• **Problem**
Reproduce the entries shown below only from the line with "2018-2019年中国咖啡行业分析报告" down to the line with "BLOCO PARLAMENTAR DEMOCRÁTICO", keeping both end lines and copying each one exactly.

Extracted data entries
---

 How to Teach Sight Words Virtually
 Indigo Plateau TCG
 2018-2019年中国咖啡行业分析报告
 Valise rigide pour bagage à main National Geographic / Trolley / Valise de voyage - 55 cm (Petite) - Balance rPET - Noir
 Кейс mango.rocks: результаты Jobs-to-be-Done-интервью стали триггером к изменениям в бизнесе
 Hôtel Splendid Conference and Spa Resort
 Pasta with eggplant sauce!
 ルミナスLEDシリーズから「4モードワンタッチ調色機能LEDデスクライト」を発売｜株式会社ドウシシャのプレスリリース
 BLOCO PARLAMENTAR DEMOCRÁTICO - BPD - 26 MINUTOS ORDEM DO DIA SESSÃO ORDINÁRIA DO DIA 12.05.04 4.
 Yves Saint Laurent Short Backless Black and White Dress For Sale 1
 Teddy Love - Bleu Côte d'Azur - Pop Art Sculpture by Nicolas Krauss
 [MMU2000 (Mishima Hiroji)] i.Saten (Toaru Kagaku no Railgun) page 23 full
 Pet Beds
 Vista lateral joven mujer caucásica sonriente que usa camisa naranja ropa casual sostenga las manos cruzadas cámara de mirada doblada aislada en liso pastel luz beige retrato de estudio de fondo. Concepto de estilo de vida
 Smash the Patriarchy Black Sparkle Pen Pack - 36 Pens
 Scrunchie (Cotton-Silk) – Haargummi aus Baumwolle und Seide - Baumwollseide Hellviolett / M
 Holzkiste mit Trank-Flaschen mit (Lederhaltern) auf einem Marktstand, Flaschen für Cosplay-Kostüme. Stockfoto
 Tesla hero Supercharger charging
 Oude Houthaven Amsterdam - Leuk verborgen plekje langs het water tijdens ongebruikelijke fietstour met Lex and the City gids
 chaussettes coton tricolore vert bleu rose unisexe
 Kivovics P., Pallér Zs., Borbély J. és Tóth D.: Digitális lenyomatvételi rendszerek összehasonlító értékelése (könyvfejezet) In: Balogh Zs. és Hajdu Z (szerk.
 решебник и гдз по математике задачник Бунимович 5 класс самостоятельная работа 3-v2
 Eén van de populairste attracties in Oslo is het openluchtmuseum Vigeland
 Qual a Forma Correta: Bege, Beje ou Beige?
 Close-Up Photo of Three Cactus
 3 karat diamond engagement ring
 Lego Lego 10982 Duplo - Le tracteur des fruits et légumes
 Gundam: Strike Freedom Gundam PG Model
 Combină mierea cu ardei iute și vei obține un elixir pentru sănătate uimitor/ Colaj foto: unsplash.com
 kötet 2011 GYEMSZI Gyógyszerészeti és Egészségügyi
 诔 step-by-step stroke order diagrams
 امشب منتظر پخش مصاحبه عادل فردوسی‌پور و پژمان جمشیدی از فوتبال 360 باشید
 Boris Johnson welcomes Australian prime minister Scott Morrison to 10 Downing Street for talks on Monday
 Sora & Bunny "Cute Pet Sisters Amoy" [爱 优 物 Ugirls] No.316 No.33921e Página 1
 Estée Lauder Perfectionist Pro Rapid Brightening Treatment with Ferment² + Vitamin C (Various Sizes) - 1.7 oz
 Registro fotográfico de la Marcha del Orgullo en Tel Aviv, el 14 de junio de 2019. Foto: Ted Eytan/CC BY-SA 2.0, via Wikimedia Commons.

---

• **The completed task**
 2018-2019年中国咖啡行业分析报告
 Valise rigide pour bagage à main National Geographic / Trolley / Valise de voyage - 55 cm (Petite) - Balance rPET - Noir
 Кейс mango.rocks: результаты Jobs-to-be-Done-интервью стали триггером к изменениям в бизнесе
 Hôtel Splendid Conference and Spa Resort
 Pasta with eggplant sauce!
 ルミナスLEDシリーズから「4モードワンタッチ調色機能LEDデスクライト」を発売｜株式会社ドウシシャのプレスリリース
 BLOCO PARLAMENTAR DEMOCRÁTICO - BPD - 26 MINUTOS ORDEM DO DIA SESSÃO ORDINÁRIA DO DIA 12.05.04 4.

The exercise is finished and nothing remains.